Exercise aim -
Every line in the records below between the one holding "New 2020 Mazda" and the one holding "Bitcoin's demand to drop?", inclusive, is to be set down exactly; all other lines are to be left out.

Source information -
=== Begin Enclosure ===

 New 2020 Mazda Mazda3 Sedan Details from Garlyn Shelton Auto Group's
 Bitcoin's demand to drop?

=== End Enclosure ===
=== Begin Enclosure ===

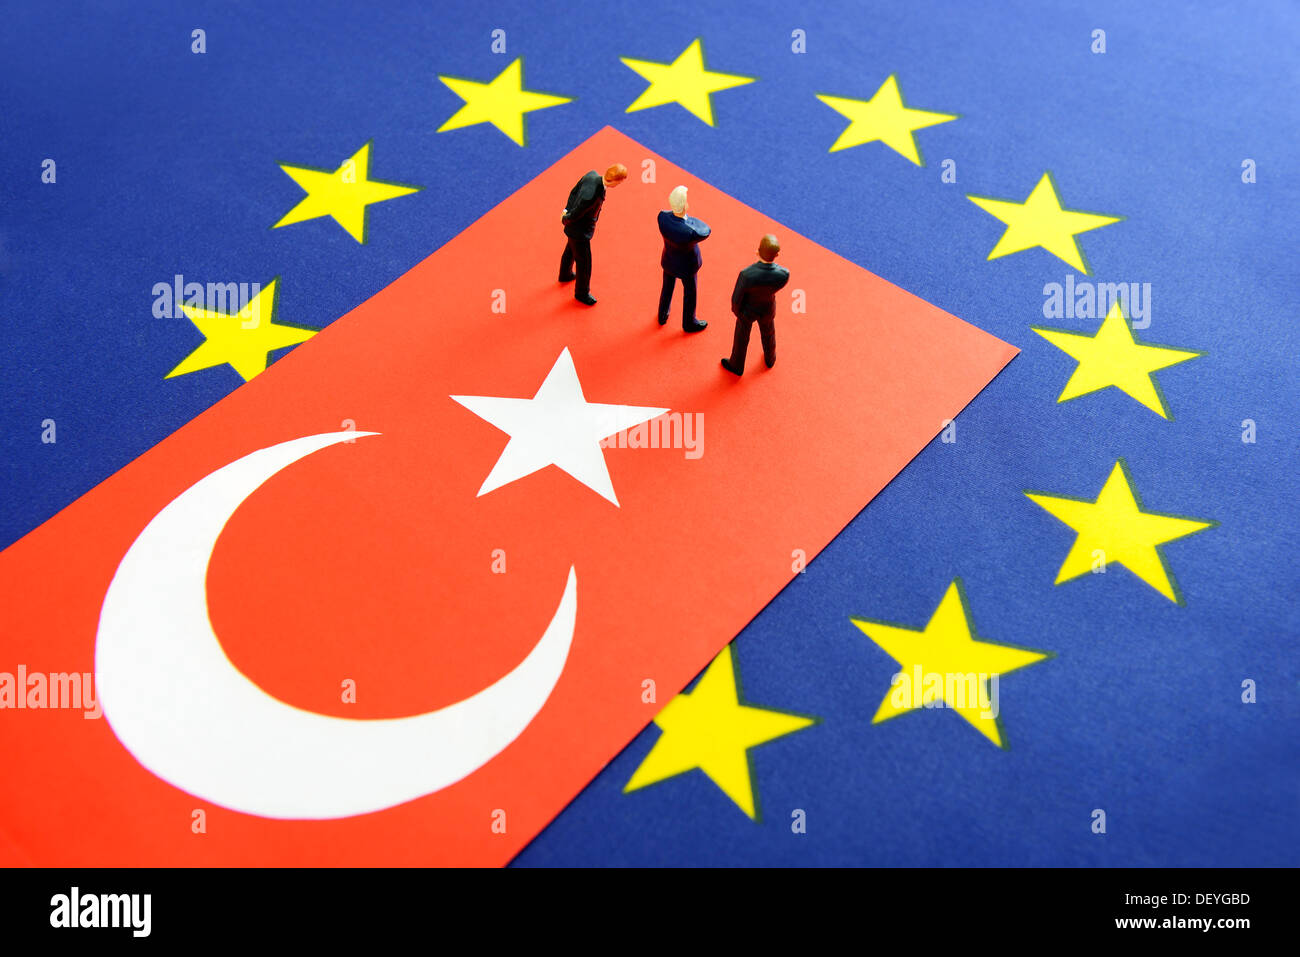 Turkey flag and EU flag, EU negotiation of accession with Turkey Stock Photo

=== End Enclosure ===
=== Begin Enclosure ===

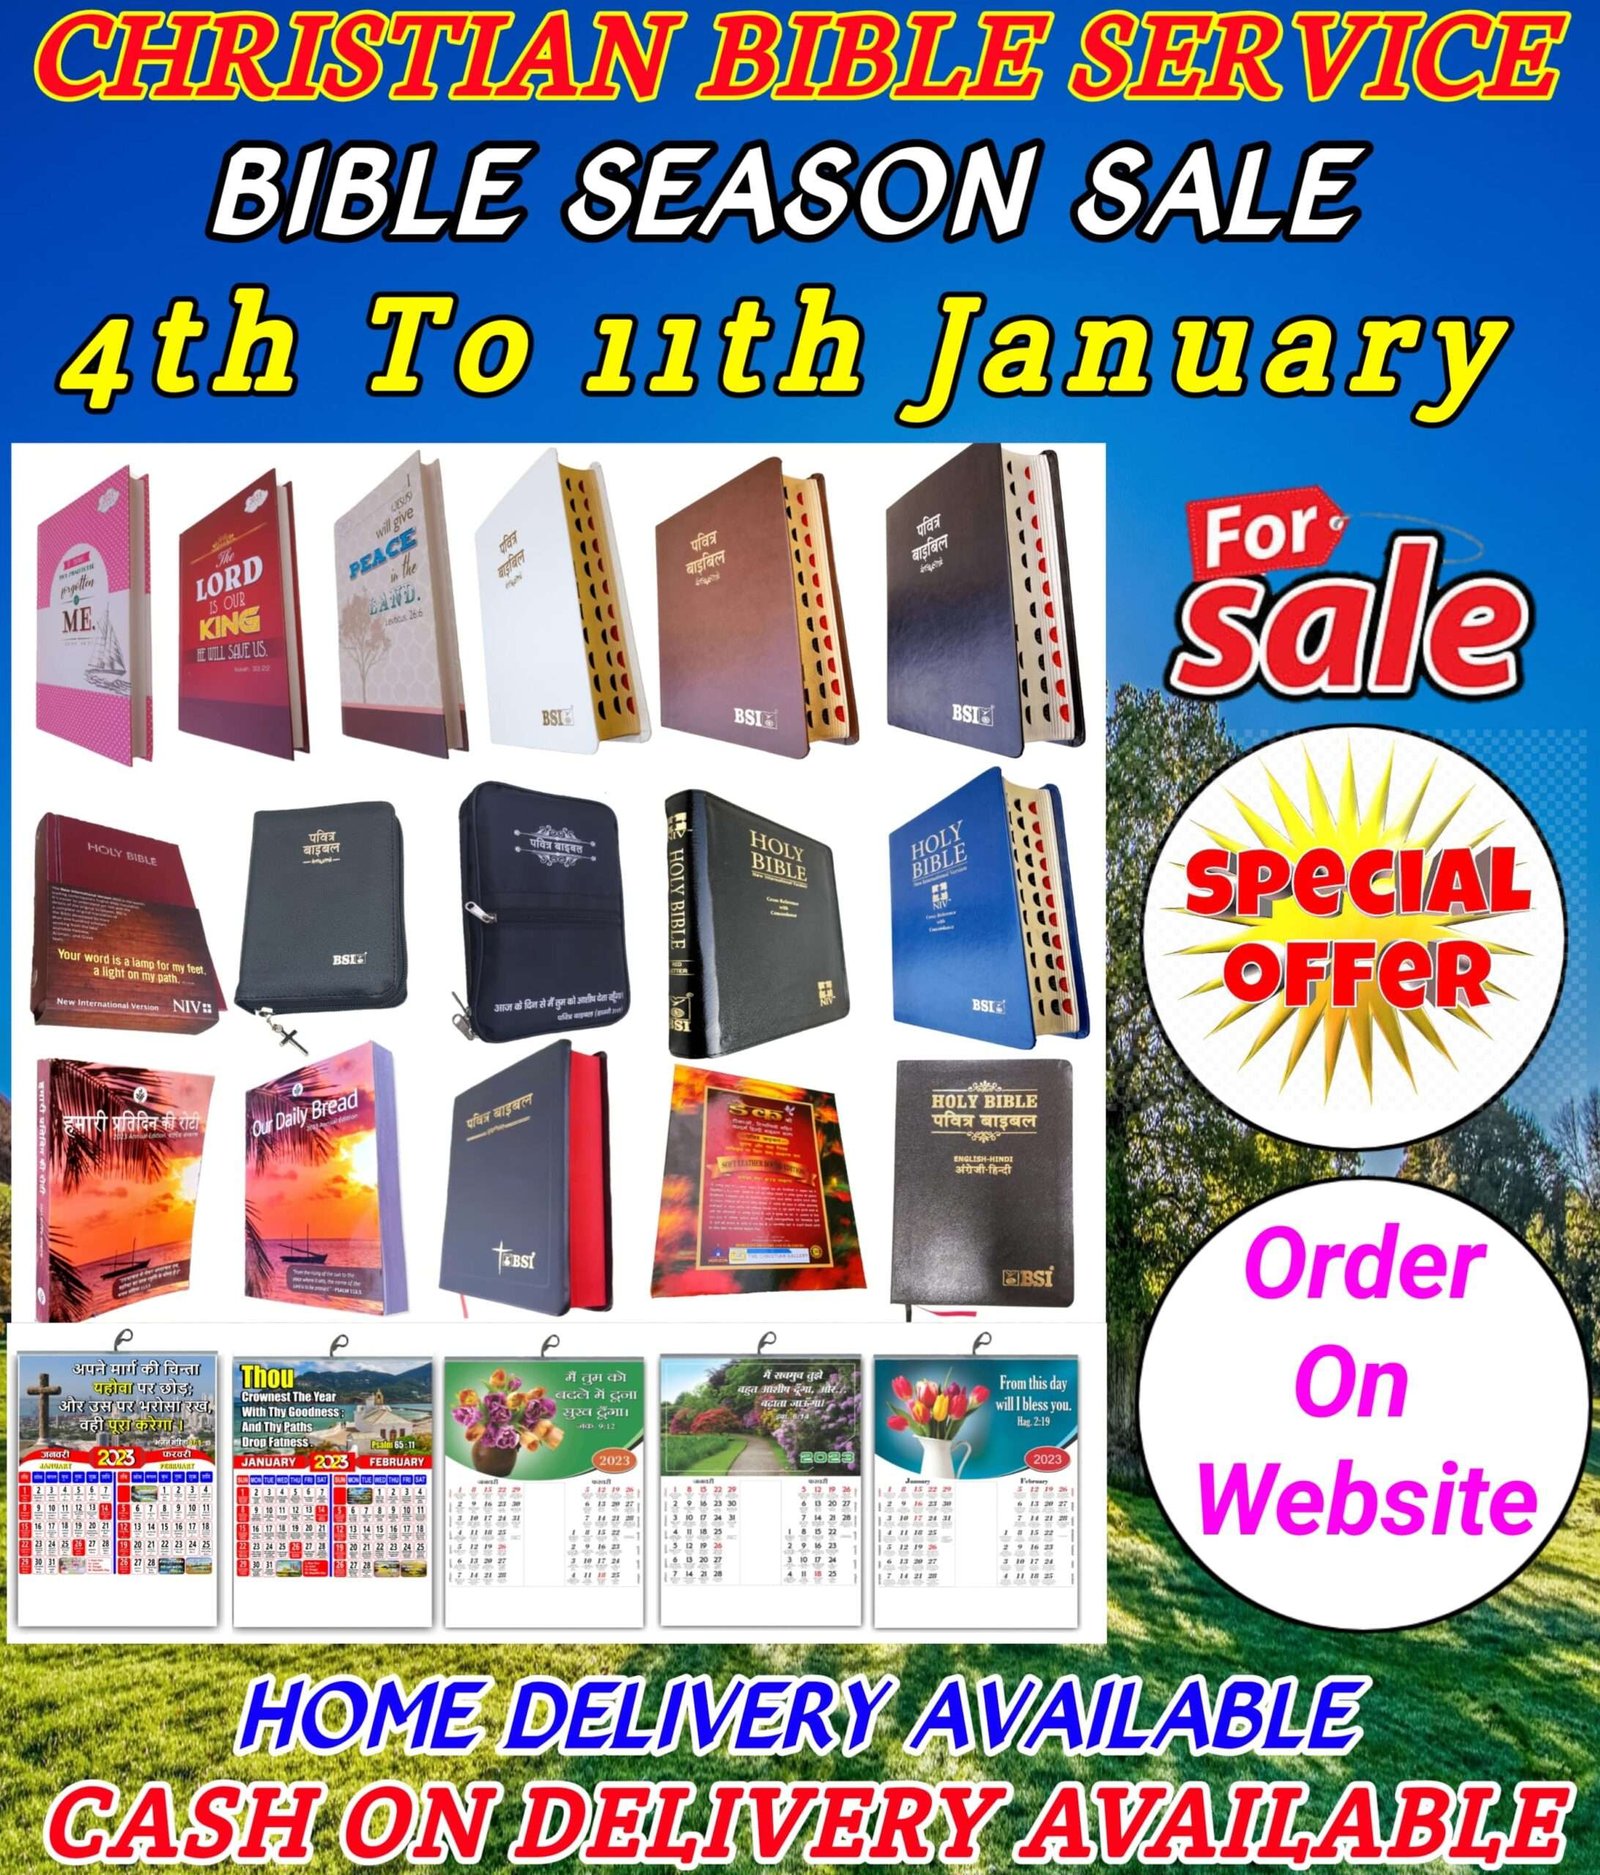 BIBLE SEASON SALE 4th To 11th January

=== End Enclosure ===

Result for this exercise -
 New 2020 Mazda Mazda3 Sedan Details from Garlyn Shelton Auto Group's
 Bitcoin's demand to drop?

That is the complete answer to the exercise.